Ergebnisse nicht haltbar: Forscher überprüfen Studien zur Wirkung von Süßstoffen auf Darmmikrobiota
(Wien/Bern)(PPS) Das Darmmikrobiom und seine Rolle für die Gesundheit oder bei der Entstehung verschiedener Krankheiten, beschäftigt und interessiert Wissenschaftler seit einigen Jahren zunehmend. Dabei wurde auch die Wirkung von Süßstoffen (LNCS: Low or No Calorie Sweetener) auf die Darmmikrobiota diskutiert und untersucht, so beispielsweise in 17 relevanten Primärstudien der letzten Jahre, die nun von Forschern auf ihre Belastbarkeit überprüft wurden. Die kanadischen Forscher Alexandra R. Lobach, Ashley Roberts und der britische Forscher Ian R. Rowland können zwar bestätigen, dass sich die Ernährungsweise unmittelbar auf die Darmmikrobiota auswirkt. Die negative Wirkung von Süßstoffen auf den Darm können diese Studien, nach Beurteilung der Forscher, jedoch nicht belegen. Warum die Ergebnisse nicht haltbar sind und worin die Mängel und Fehler der 17 untersuchten Studien liegen, haben sie in ihrer wissenschaftlichen Arbeit in der Fachzeitschrift „Food and Chemical Toxicology“ im Dezember 2018 umfassend dargelegt (1).

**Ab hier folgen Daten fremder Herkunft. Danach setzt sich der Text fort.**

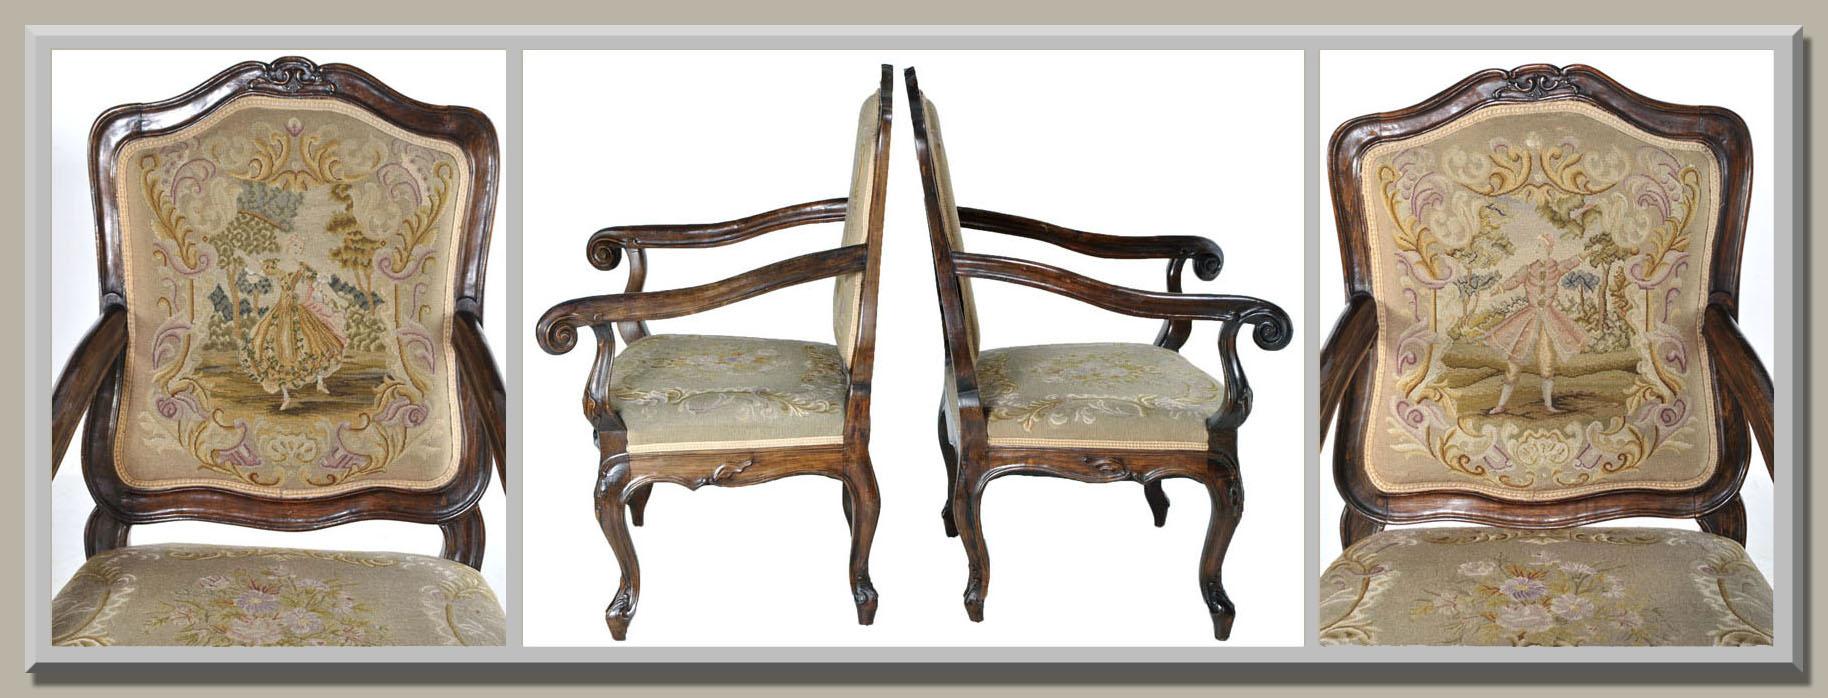 Antique Armchair Details

Ergebnisse an Mäusen nicht auf den Menschen übertragbar
Ein gravierender Fehler ergibt sich für die Forscher bei 14 der 17 geprüften Studien daraus, dass sie die Wirkung von LNCS auf das Darmmikrobiom ausschließlich an Nagetieren untersuchten. Da sich deren Darmbakterien aber weitgehend von denen des Menschen unterscheiden und darüber hinaus die Süßstoff-Dosen, die die Tiere erhielten, weit über der für den Menschen akzeptablen Tagesdosis (ADI) lagen, seien die Ergebnisse der Studien nicht uneingeschränkt auf den Menschen übertragbar. Realistische Schlussfolgerungen auf das Darmmikrobiom des Menschen seien auf dieser Basis nicht möglich. Ebenso fehlten geeignete Kontrollgruppen und die Erfassung der gewohnheitsmäßigen Nahrungsaufnahme der Versuchsteilnehmer in den Humanstudien, worin die Forscher weitere Mängel der Studien aufzeigen konnten. Veränderungen im Darmmikrobiom könnten damit nicht eindeutig auf den Süßstoffkonsum zurückzuführen sein.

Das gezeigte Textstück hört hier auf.